Experimental Designs and Randomization Schemes
Section 6
Choosing Between Cluster and Individual Randomization
Although CRT designs confer certain advantages, they also have significant theoretical limitations and implementation challenges (Torgerson et al 2001). Careful consideration is needed before settling on a particular approach to randomization. The following assessment questions, adapted from Designing Multi-Center Cluster-Randomized Trials: An Introductory Toolkit (2014), may help clarify whether a CRT is an appropriate design choice for answering a particular research question:
- Is the phenomenon of interest something that takes place primarily at the level of the individual patient or study participant (for example, response to an experimental drug or comparator)? If so, a traditional randomized controlled trial design may be most appropriate. However, if the phenomenon of interest affects individual patients but is primarily taking place at a different level (for example, whether implementation of new physician treatment guidelines yields better patient outcomes), a CRT design may be more appropriate.
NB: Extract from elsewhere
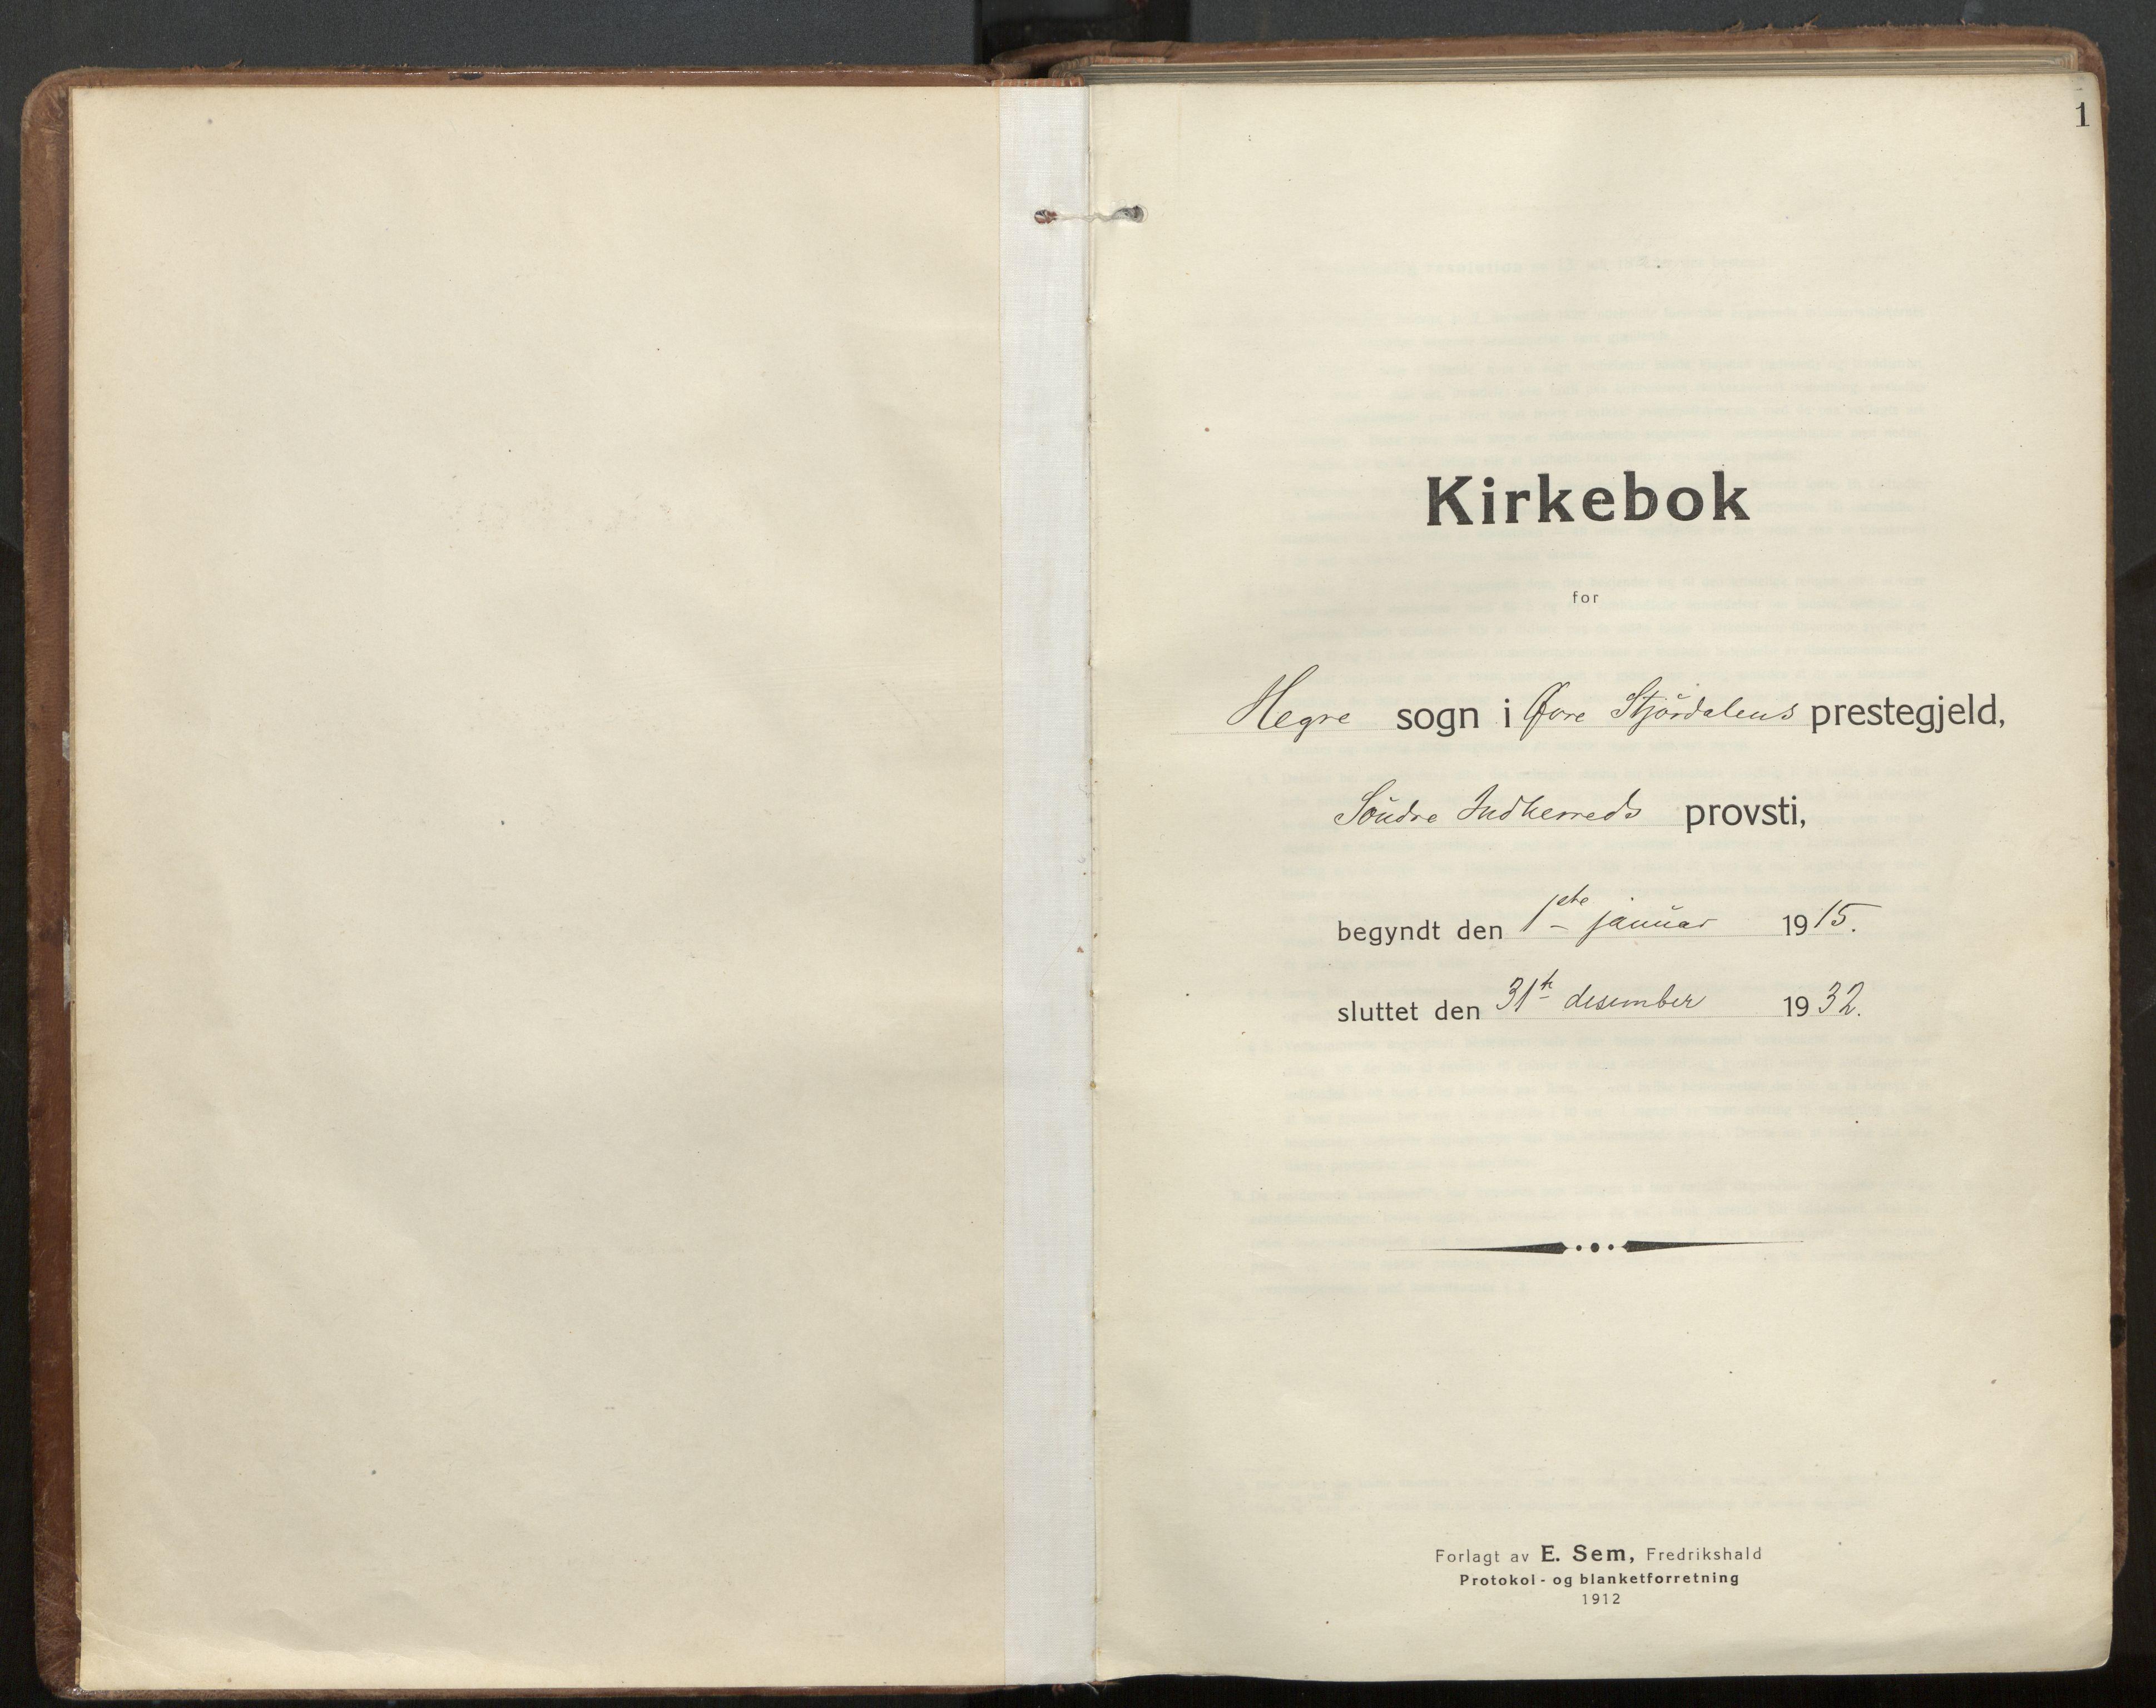 SAT, Ministerialprotokoller, klokkerbøker og fødselsregistre - Nord-Trøndelag, 703/L0037: Parish register (official) no. 703A10, 1915-1932, p. 1

- Is the proposed intervention delivered at the level of a group or organization rather than an individual study participant? For example, a study that investigated whether adoption of a new treatment guideline affected the efficiency of service provision across hospitals in a health system would lend itself to a cluster design.
- If individual participants were randomized, would it be difficult for physicians or other clinical staff to modify their approaches or behaviors in ways that avoid contamination? Similarly, is it likely that participants or study staff might have occasion or opportunity to discuss details of the study (“compare notes”) among themselves? If so, a cluster randomized approach may be preferable for ensuring trial validity.
Finally, it is important to consider that any cluster randomized design will introduce an important statistical effect known as clustering. When several participants (a cluster) are subjected to similar circumstances that may differ from those of other clusters, such as patients in the same ward being treated by the same providers, their outcomes can be correlated. (See the Intraclass Correlation section of the Analysis Plan chapter of the Living Textbook). This important consideration should be addressed both when randomizing and when calculating the required sample size for a given study.
Case Example: The HiLo Trial
The Pragmatic Trial of Higher vs Lower Serum Phosphate Targets in Patients Undergoing Hemodialysis (HiLo), an NIH Collaboratory Trial, was designed to answer the question of what is the optimal level of serum phosphate for patients with end-stage renal disease who are undergoing hemodialysis. For operational reasons, the researchers designed HiLo as a cluster randomized trial, with randomization at the dialysis facility level. HiLo differed from many pragmatic trials in that the intervention was not consistent with the relevant clinical guidelines. Thus, because the intervention presented more than minimal risk for participants in the higher serum phosphate arm, the requirement for informed consent could not be altered or waived for this arm.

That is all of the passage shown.